The authors use a two-stage training pipeline combining supervised fine-tuning and reinforcement learning to develop SenseNova-MARS-8B, which is evaluated on search-oriented and visual understanding benchmarks. Results show that SenseNova-MARS-8B achieves state-of-the-art performance among open-source models on both types of tasks, outperforming strong baselines including GPT-4o and Qwen3-VL-8B across multiple metrics.

The authors use a two-stage training pipeline, starting with supervised fine-tuning (SFT) followed by reinforcement learning (RL), to develop SenseNova-MARS-7B. Results show that combining both SFT and RL leads to the best performance across all benchmarks, with the final model achieving 59.06 on MMSearch, 38.52 on HR-MMSearch, and 83.84 on V* Bench, outperforming models trained with only SFT or only RL.

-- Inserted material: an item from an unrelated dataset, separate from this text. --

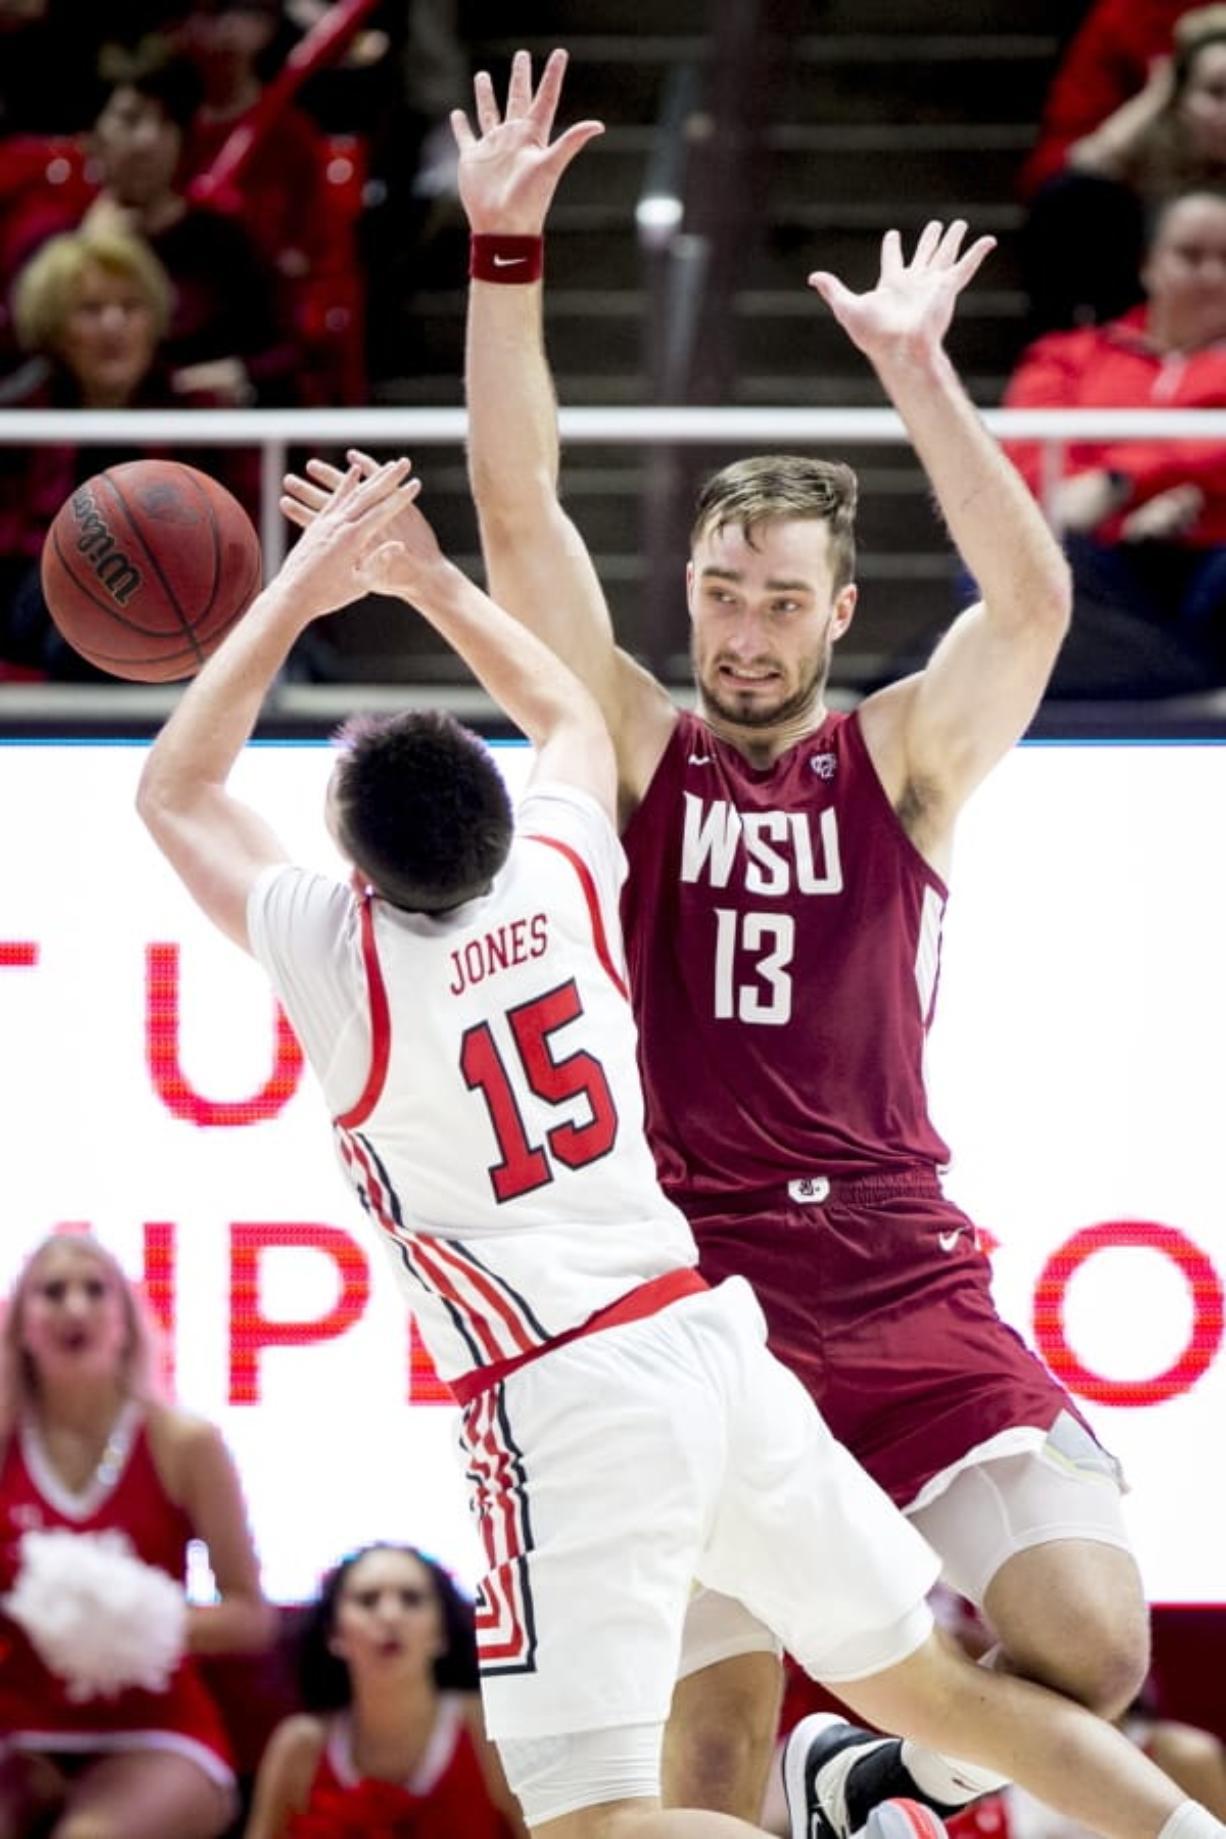 Washington State forward Jeff Pollard (13) fouls Utah guard Rylan Jones (15) who shoots in the second half during an NCAA college basketball game Saturday, Jan. 25, 2020, in Salt Lake City.

The authors use a two-stage training pipeline combining supervised fine-tuning and reinforcement learning to develop SenseNova-MARS-8B, which is evaluated on search-oriented and visual understanding benchmarks. Results show that SenseNova-MARS-8B achieves state-of-the-art performance among open-source models and surpasses several proprietary models, particularly in agentic search tasks, while also demonstrating strong fine-grained visual understanding capabilities.

The authors compare the performance of different reinforcement learning algorithms on a set of benchmarks, showing that BN-GSPO outperforms both GRPO and GSPO across all tasks. Results indicate that BN-GSPO achieves the highest scores on MMSearch, V* Bench, and HR-Bench 4K, demonstrating its effectiveness in balancing multi-tool learning and improving overall model performance.